= Dataset excerpt =
****************

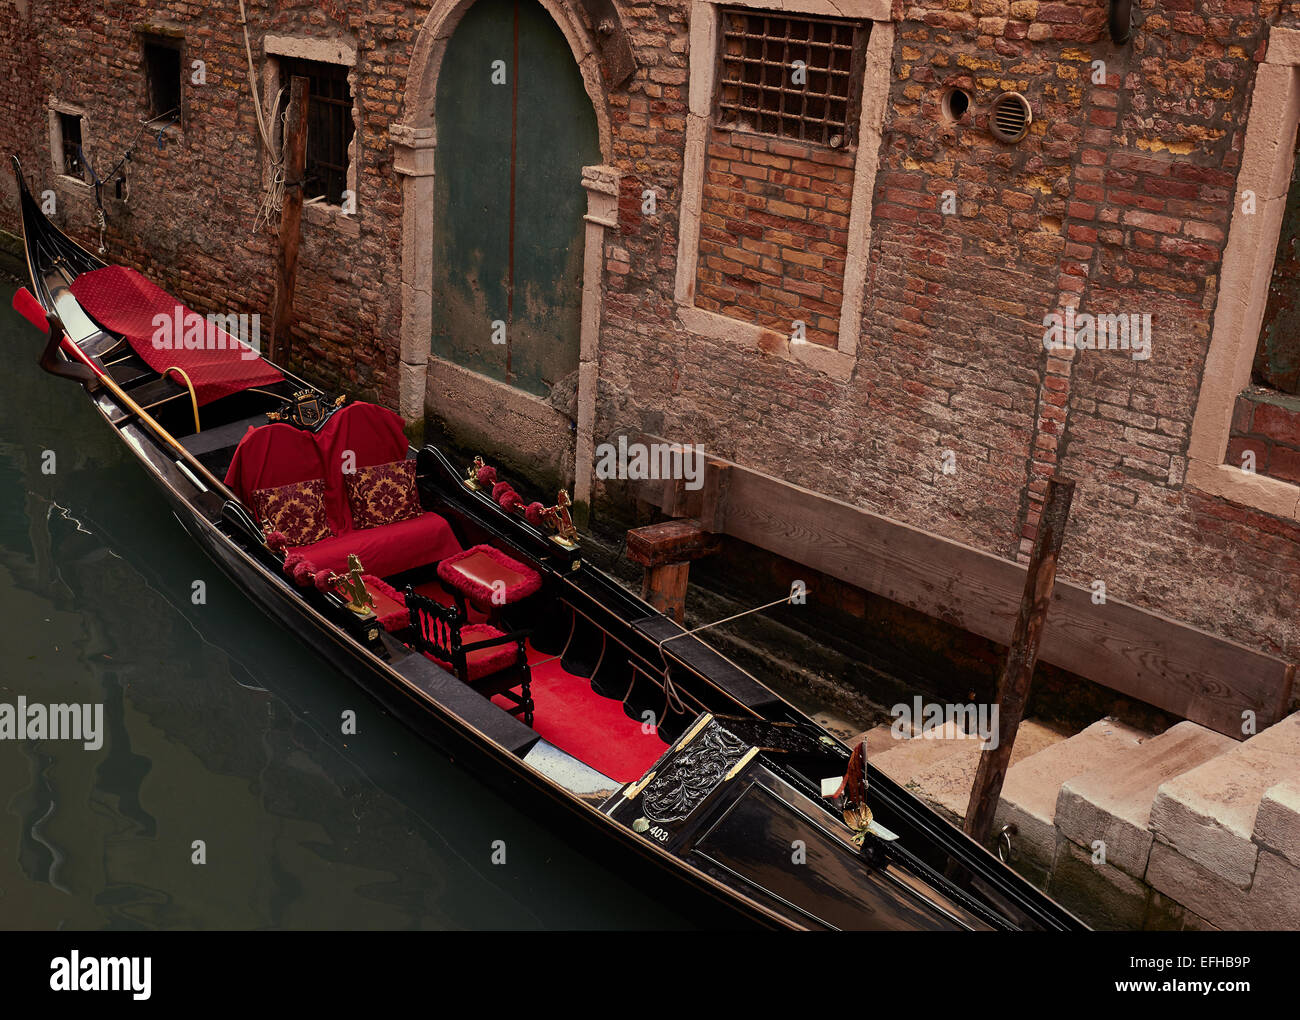 Dekorative rote innere der Gondel vertäut schrittweise Venedig Veneto Italien Europa Stockfoto
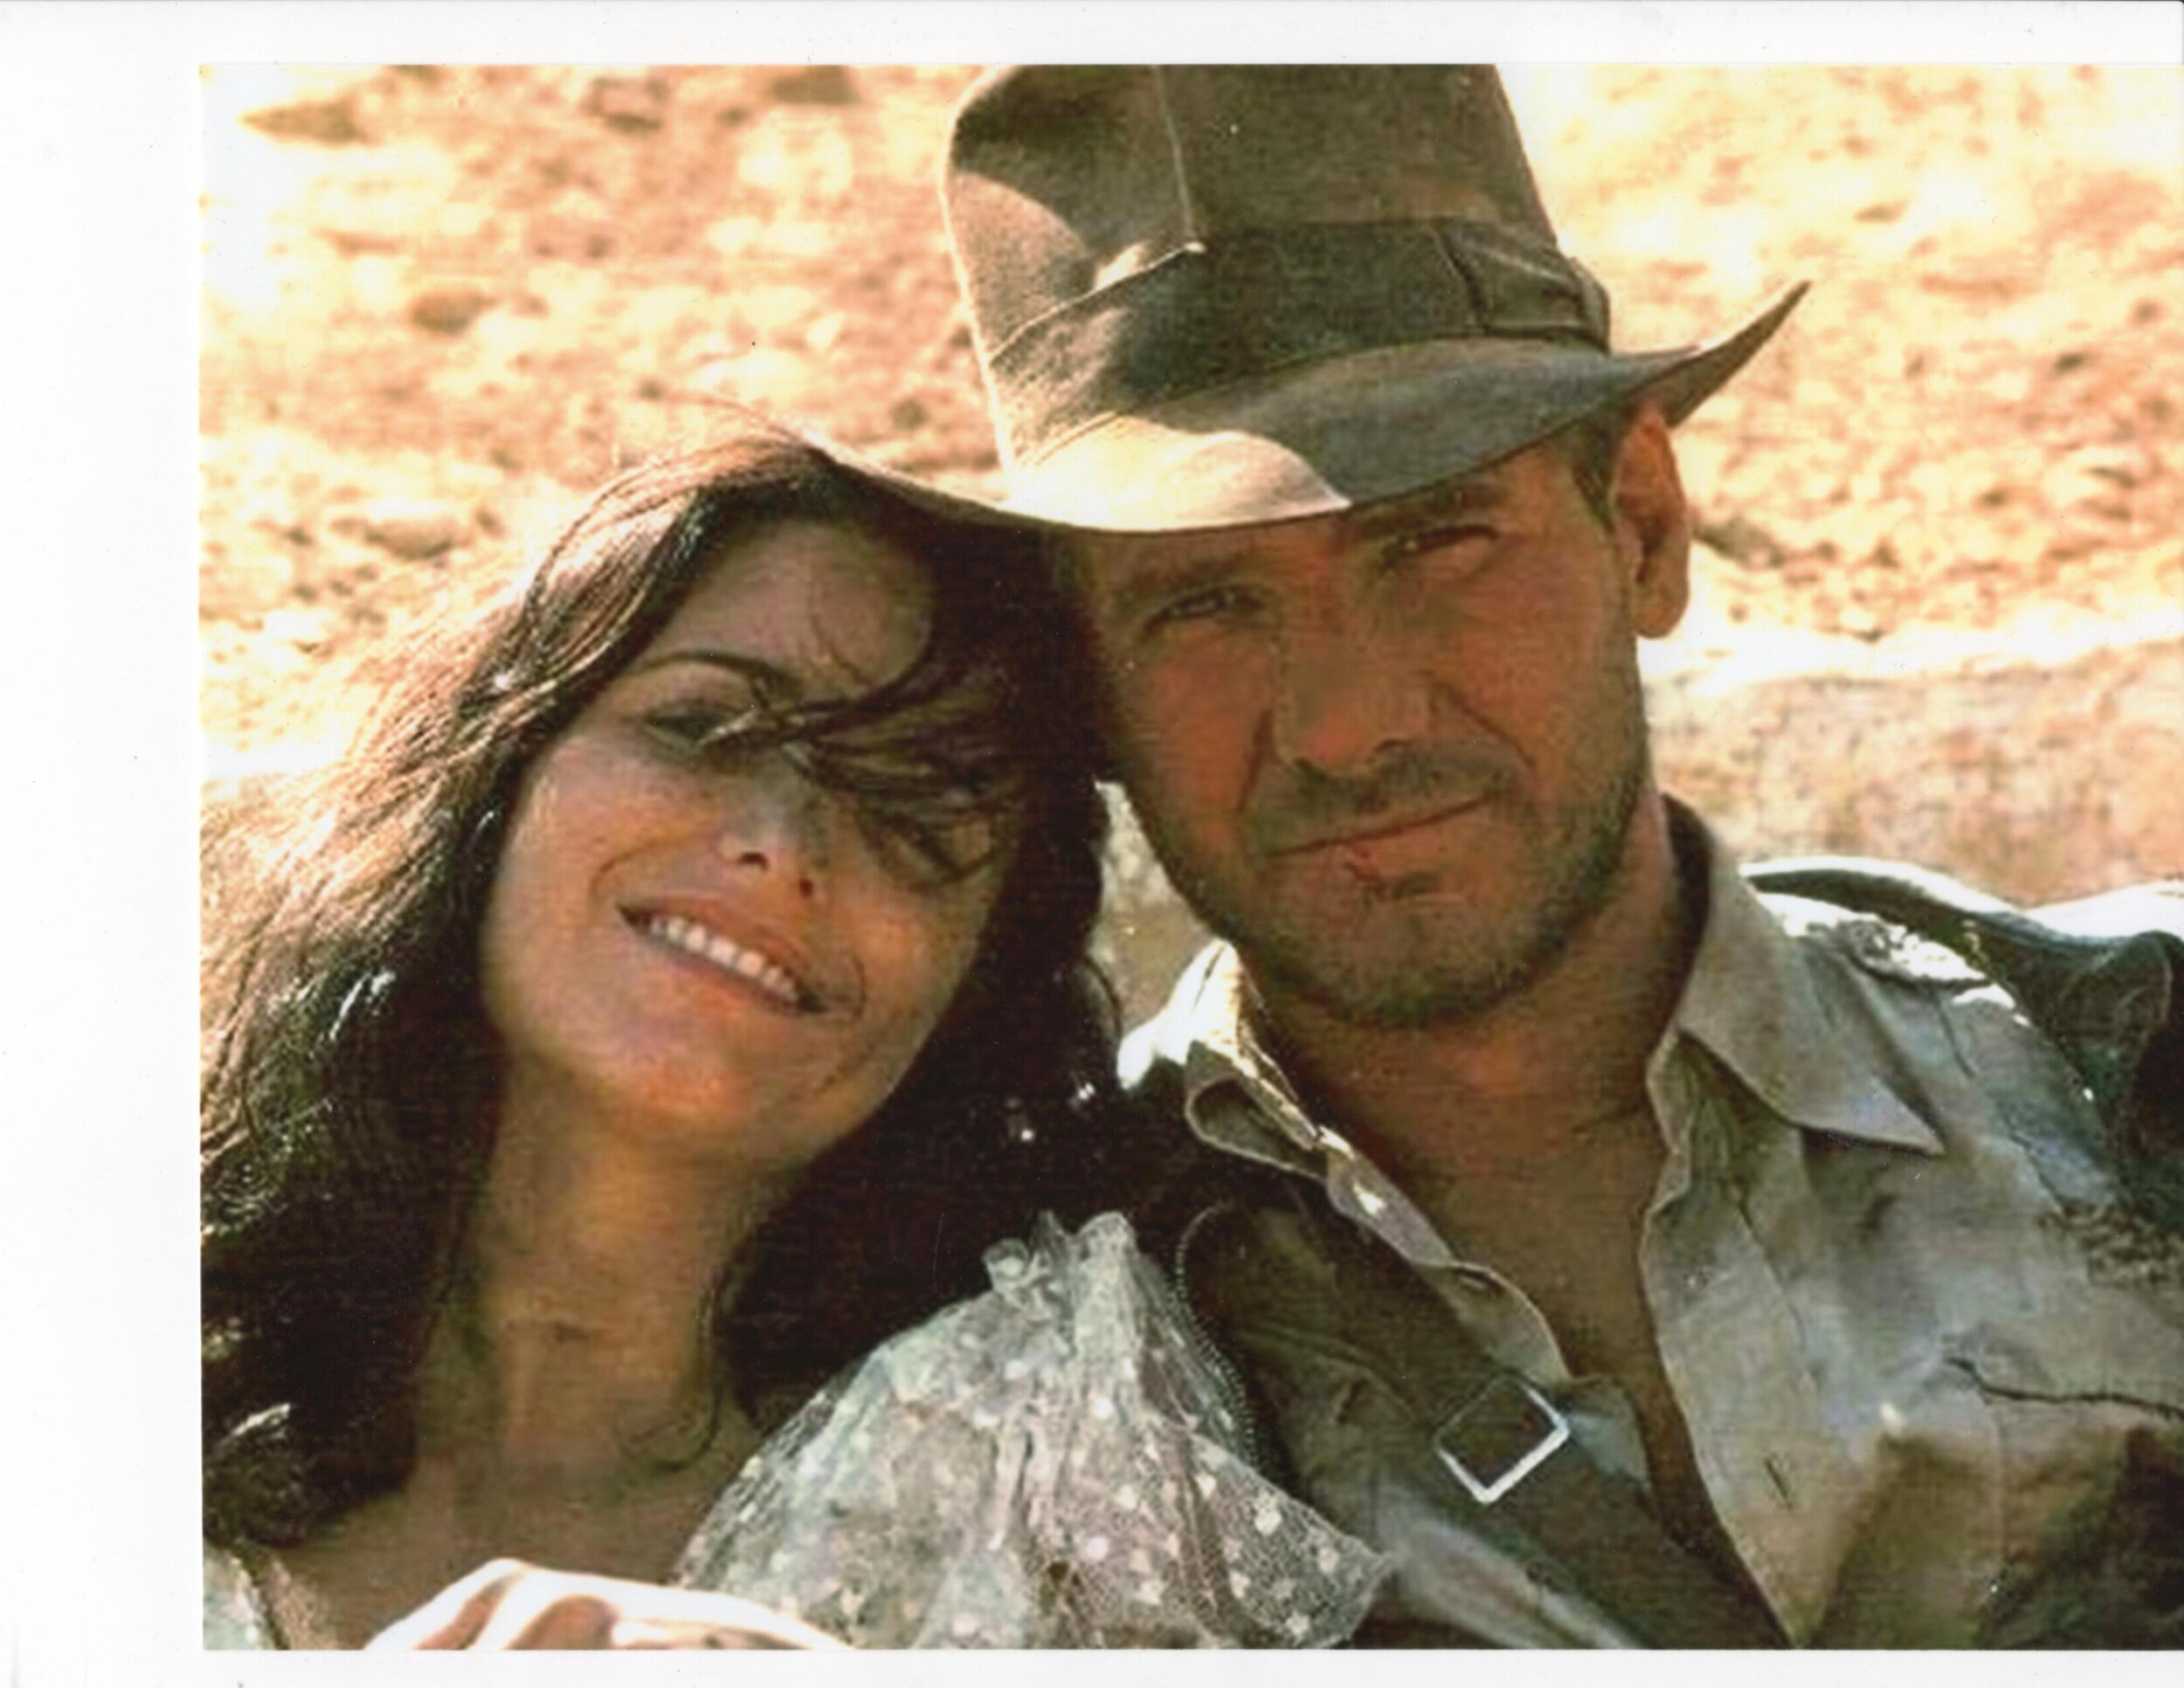 Indiana Jones' star Karen Allen disappointed about role in movie
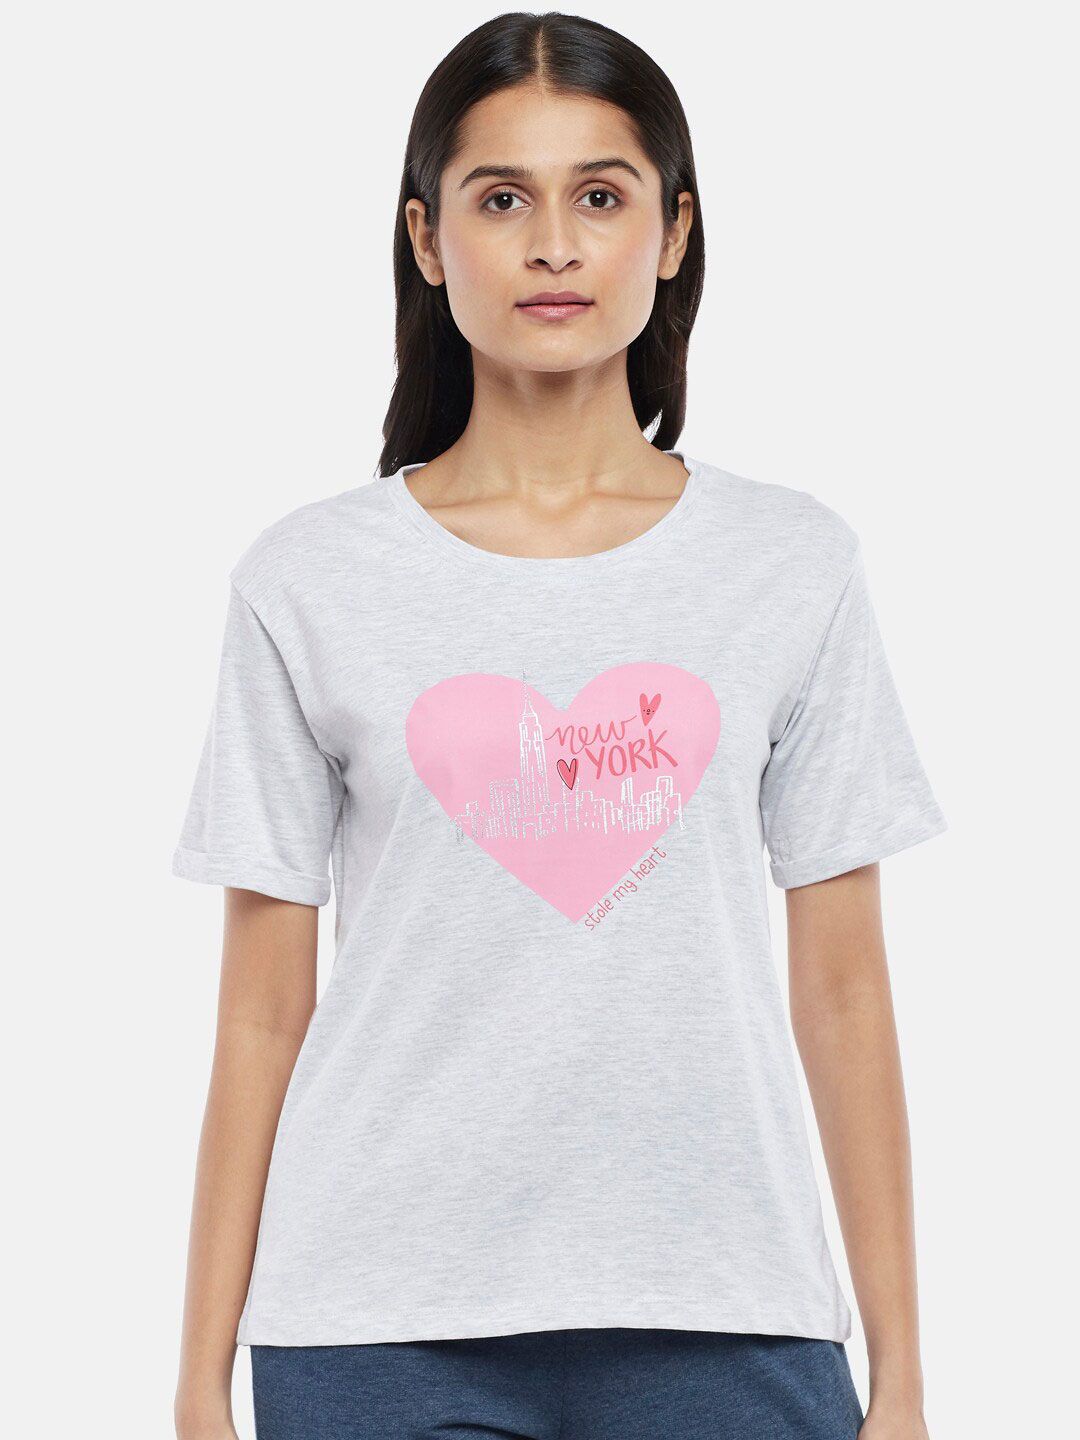 Dreamz by Pantaloons Women Grey Printed Lounge tshirt Price in India

****************

= Exercise prompt =
All of the material above should be copied exactly, minus the pictures.

= Solved exercise =
 Dekorative rote innere der Gondel vertäut schrittweise Venedig Veneto Italien Europa Stockfoto
 Indiana Jones' star Karen Allen disappointed about role in movie
 Dreamz by Pantaloons Women Grey Printed Lounge tshirt Price in India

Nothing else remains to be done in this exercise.